Страстью я горю и безумствую… (11).

Тогда ее бурное чувство не укладывается в рамки мифологического представления. Эрос обретает мощь первобытной стихии, захлестывающей все существо человека.

Словно ветер, с горы на дубы налетающий, Эрос души потряс нам… (12).

Или принимает новый, чисто метафорический облик, родственный библейскому соблазнителю Евы — облик змия:

Эрос вновь меня мучит истомчивый, Горько-сладостный необоримый змей (21).

Однако змей характеризуется не дьявольским лукавством; он становится как бы воплощением двойственных чувств самой поэтессы (не случайно на него перенесен эпитет, приложимый лишь к ощущениям человека). Страстный призыв к Афродите, чтобы помогла ей в любви, как и обращение к Гере, чтобы благоприятствовала ее возвращению из изгнания на родину, восходят к культовым молениям. И вместе с тем это не молитвы, а глубоко лирические стихотворения, в которых слышится биение сердца и воспринимается особый поэтический стиль Сафо.

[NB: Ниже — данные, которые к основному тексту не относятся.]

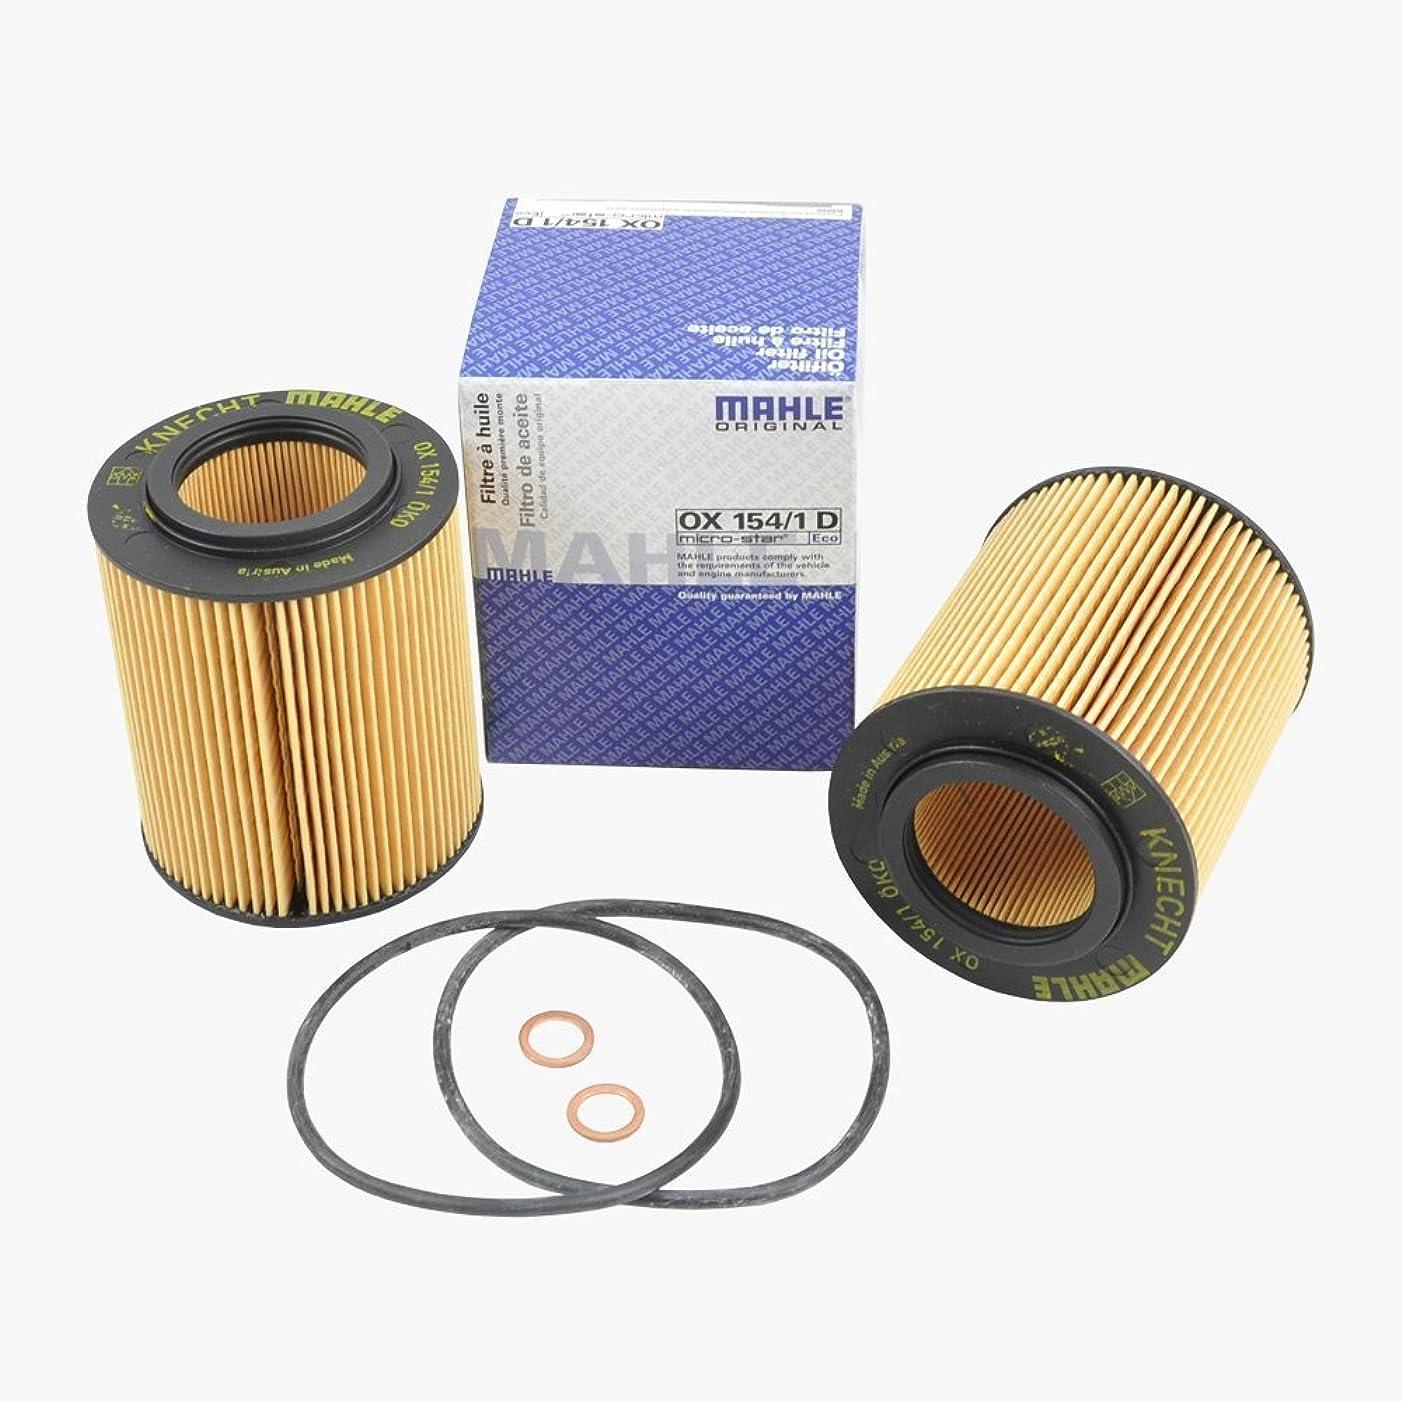 BMW Engine Oil Filter Mahle Original OEM OX154/1D / 11427512300 (2pcs)

Из двух картин природы, которые имеются в сохранившихся отрывках, одна, как это бывало и в «Илиаде», служит для сравнения, но далеко выходит за его пределы и обретает самостоятельность. Восхищенная красотой ученицы Аттиды, живущей в Лидии, Сафо говорит, что ее подруга выделяется своим блеском среди тамошних женщин, как месяц среди звезд. При этом поэтесса, отдавшись своей фантазии, создает чарующий ноктюрн, полный лунного света, который струится на море, и аромата обрызганных росою цветущих нив и полян. В другом (реконструированном) стихотворении, где живописуется пещера нимф, пейзаж другой, дневной. Пещеру осеняет яблоневый сад. В его ветвях журчит прохлада, и с трепещущих листьев стекает сон. Тенистая свежесть стала у Сафо внятной, а дремота зримой. Какой нужно иметь поэтический слух и глаз, чтобы все это уловить и увидеть!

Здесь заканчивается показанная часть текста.